Many of these magnets require protective coatings to prevent corrosion and ensure long term reliability. Because neodymium-iron-boron (NdFeB) magnets are highly susceptible to oxidation, coatings such as nickel, epoxy, or zinc are commonly applied.
For manufacturers producing these components, accurate coating thickness measurement is essential for both product quality and process control.
This article explains how coating thickness on rare earth magnets can be measured using non-contact photothermal measurement technology, and how the approach can be implemented in research labs, quality laboratories, and automated production environments.
For a broader overview of available technologies, see our page on
Advanced Coating Thickness Measurement Systems.
AIM Systems CoatPro sensor performing non-contact photothermal coating thickness measurement on a rare earth magnet.
Coating Thickness Ranges for Rare Earth Magnet Coatings
Typical coating thickness ranges for NdFeB magnets include:
• Nickel plating: 10–30 µm
• Epoxy coatings: 15–40 µm
• Zinc coatings: 5–20 µm
Thickness requirements vary depending on corrosion resistance requirements and application environment.

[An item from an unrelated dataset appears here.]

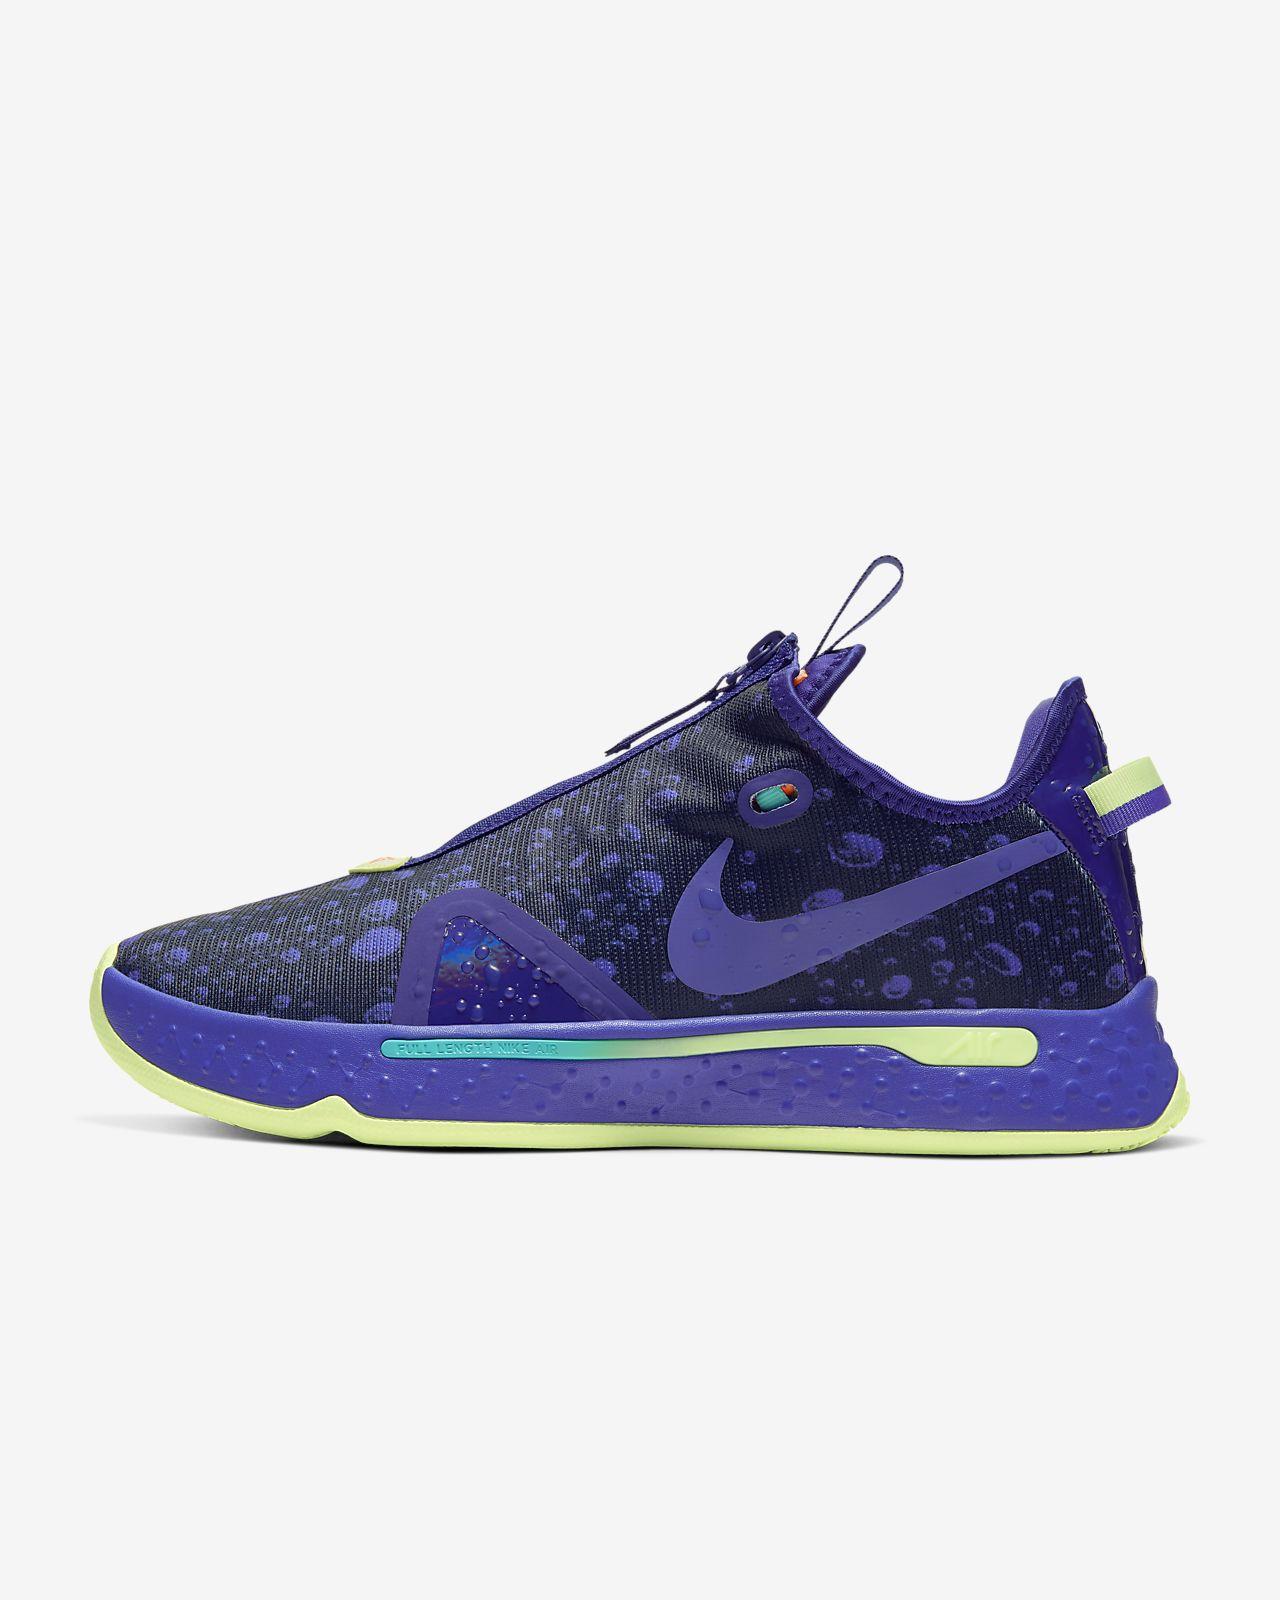 PG 4 'Gatorade' GX Basketball Shoe

NdFeB rare earth magnet component used in advanced manufacturing applications. Image courtesy of MP Materials.
Why Coating Thickness Matters for Rare Earth Magnets
Coatings on rare earth magnets serve several critical functions.
Corrosion Protection
NdFeB magnets are highly prone to corrosion. Protective coatings prevent moisture and environmental exposure from degrading the magnetic material.
Electrical Isolation
In motor assemblies and electronic systems, coatings may act as insulation layers between components.
Mechanical Protection
Coatings protect magnets from abrasion and handling damage during assembly.
Process Consistency
Uniform coating thickness ensures consistent performance and prevents premature failure.
Even small deviations in coating thickness can affect durability and product performance. Because of this, many manufacturers monitor coating thickness as part of their process capability and quality control programs.
Engineers evaluating process performance can also analyze coating variation using tools such as our
Cpk / Ppk Process Capability Calculator.
Even small deviations in coating thickness can affect durability and product performance. Monitoring coating thickness variation using statistical tools such as Cpk and Ppk helps maintain process capability and quality control.
Challenges Measuring Coatings on Rare Earth Magnets
Measuring coatings on magnets is not always straightforward.
Typical challenges include:
• Small and complex geometries
• Thin coatings
• Magnetic substrates
• High production volumes
• Need for non-destructive inspection
Traditional coating gauges such as magnetic induction or eddy current systems can struggle in these environments, particularly when parts are small or when measurements must be automated.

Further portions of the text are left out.